I was recently processing a huge corpus of data. It went like this: For each file in a large set, run 'cmdline-tool <file>'
, capture the output and log results to a database, including whether the tool crashed. I wrote it in Python. I have done this exact type of the thing enough times in Python that I’m starting to notice a pattern.
Every time I start writing such a program, I always begin with using Python’s commands module because it’s the easiest thing to do. Then I always have to abandon the module when I remember the hard way that whatever ‘cmdline-tool’ is, it might run errant and try to execute forever. That’s when I import (rather, copy over) my process runner from FATE, the one that is able to kill a process after it has been running too long. I have used this module enough times that I wonder if I should spin it off into a new Python module.
Or maybe I’m going about this the wrong way.
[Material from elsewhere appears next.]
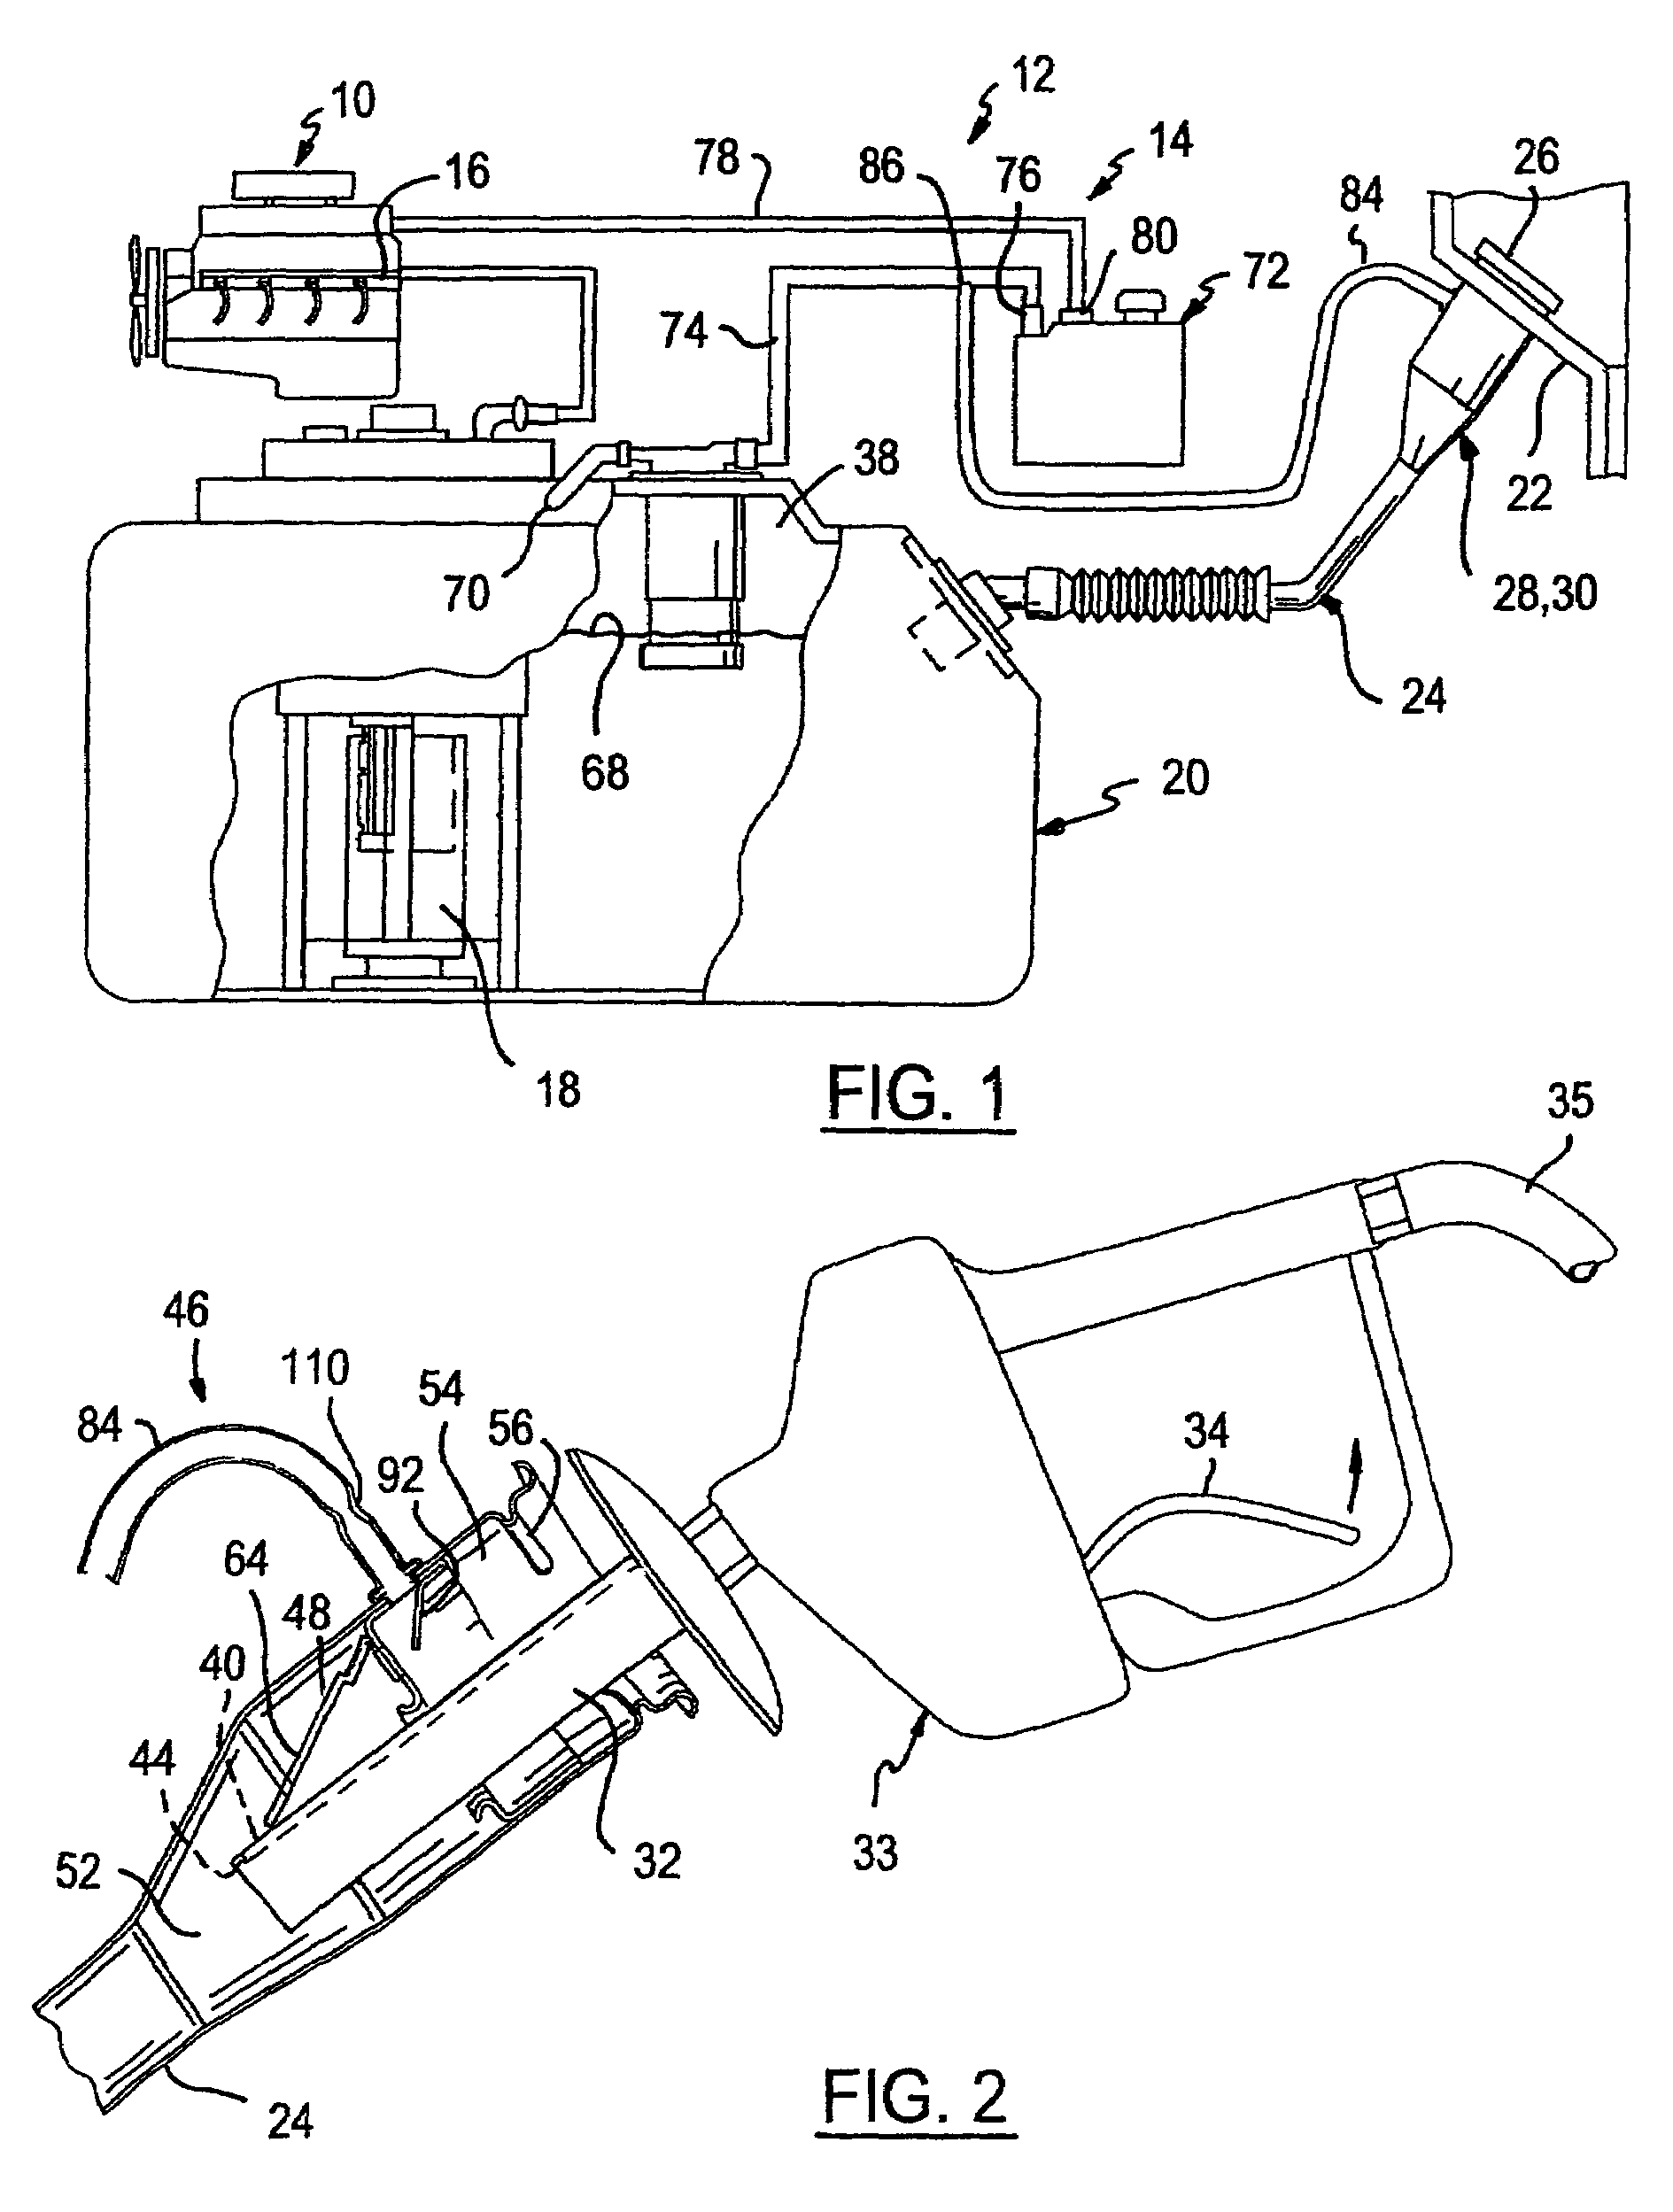 Refueling vapor recovery system

Perhaps when the data set reaches a certain size, I’m really supposed to throw it on some kind of distributed cluster rather than task it to a Python script (a multithreaded one, to be sure, but one that runs on a single machine). Running the job on a distributed architecture wouldn’t obviate the need for such early termination. But hopefully, such architectures already have that functionality built in. It’s something to research in the new year.
I guess there are also process limits, enforced by the shell. I don’t think I have ever gotten those to work correctly, though.
The simple shell way is:
command args & ; sleep 3600 ; kill $!
(in some shells, the first semicolon is a syntax error, but you can use a newline instead to keep it clera)
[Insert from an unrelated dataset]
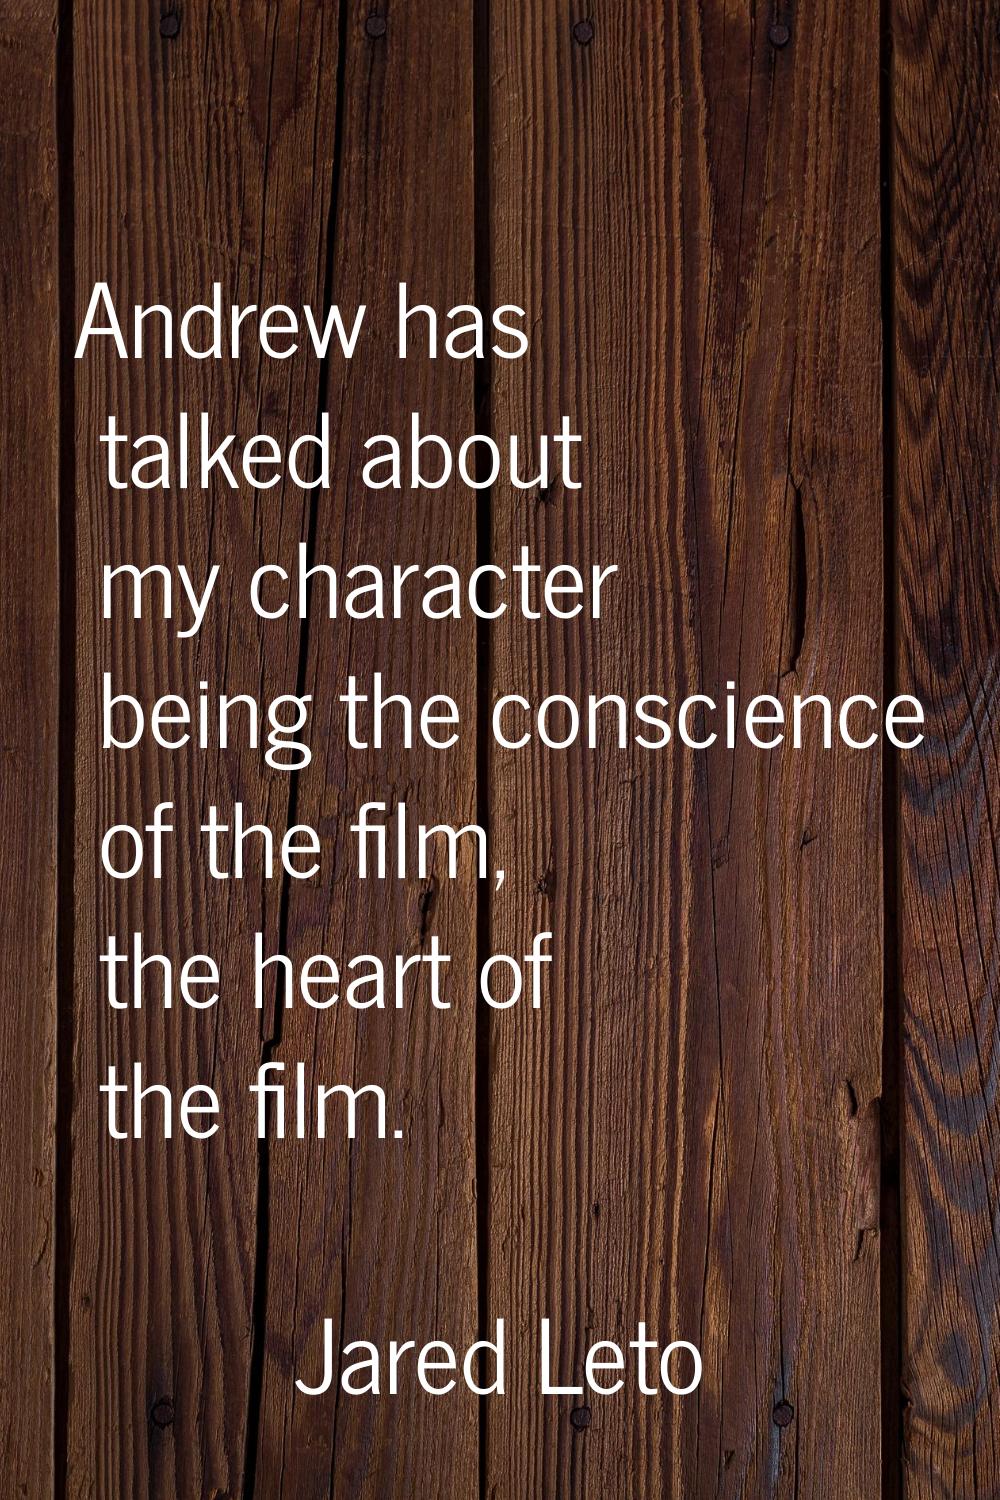 Andrew has talked about my character being the conscience of the film, the heart of the film.

@nine: Nice, simple elegant. How about the bit about logging the results to a database? I suppose that could be an implicit part of the command line tool, but that’s sometimes out of scope.
To log the output, the clear way I’d use is to substitute ‘command’ with a new shell script ‘docommand.sh’:
#!/bin/sh
command >/tmp/log.$$ 2>&1
echo $! >> /tmp/log.sh
Then run `command.sh & ; sleep 3600 ; kill $!`
Of course, you can add proper PID handling now too:
#!/bin/sh
echo $$ >> $1
command >/tmp/log.$$ 2>&1
echo $! >> /tmp/log.sh
rm $1
`command.sh /tmp/pid.$$ & ; sleep 3600 ; kill $(cat /tmp/pid.$$)`
echo $! >> /tmp/log.sh
should be:
echo $? >> /tmp/log.sh
To log the exit status. I just wrote those and the output to a file, doing whatever you want with them is implied.